ETH Polymer Physics seminar


1999-12-15
16:15 at ML F 34

Mechanical Properties of Smart Ultrathin Polymer Films

Reto Luginbühl

University of Washington Engineered Biomaterials and Department for Bioengineering, University of Washington, Seattle, WA, 98195-1750

Modern biomaterial research proposes that recognition surfaces will trigger biological responses. Ideally, the material surfaces will present recognition elements directed to a specific biological function. Such surfaces may be engineered by imprinting different polymers. Smart polymers, which change their structural properties upon stimulation, are among the materials that are of highest interest for this application. In addition they might be used in biotechnology, medicine, and biomaterial settings.

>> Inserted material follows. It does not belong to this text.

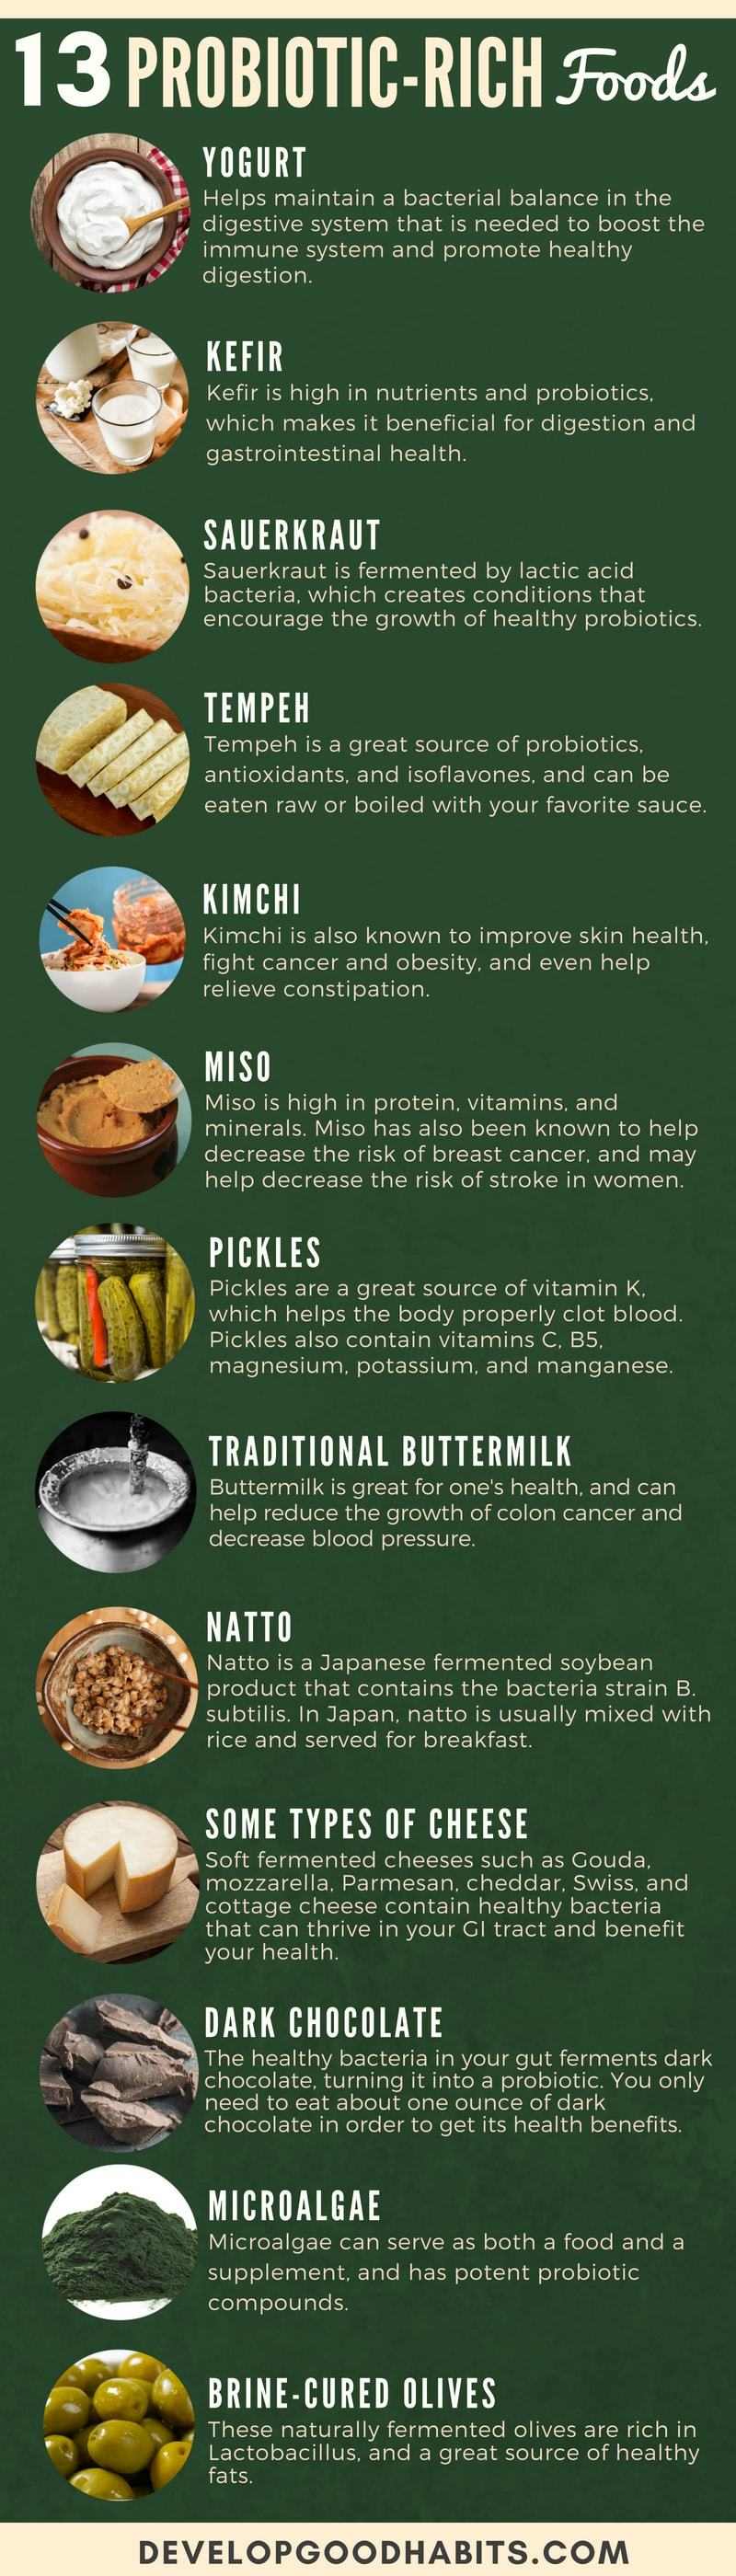 With this list of 13 foods that are good sources of probiotics, you can make it a habit to include at least one or two in your meal plan.

Progress in precision-engineered surfaces strongly depends on the development of appropriate techniques to analyze surfaces at the micro and nanometer level, as confinement effects of molecules at biomaterial interface may influence their biological response. Therefore, accessing contact mechanical properties at the interface may be as important as determination of the molecular structure. The SFM offers a unique combination of microscopy with spectroscopic analysis of surface interactions and local subsurface structural properties. Recently, considerable research effort has focused on the investigation of co-polymers and grafted polymers containing N-isopropylacrylamide (NIPAM). These polymers can be engineered to undergo thermally induced structural and mechanical phase transitions around 32 ºC. In contrast to the glass transition behavior observed in most polymeric materials, the structural phase transition of NIPAM is accompanied by a change in volume, and therefore a change in mechanical properties, as well as a change in the surface free energy. We carried out scanning force microscope (SFM) investigations on surface confined NIPAM films. Thin films (thickness << 10 nm) were obtained by plasma polymerization on selected substrates. Applications of novel SFM techniques permit the observation of the transition behavior at the nanometer scale as a function of temperature. Contact mechanical properties and interfacial energy were monitored as a function of the system temperature.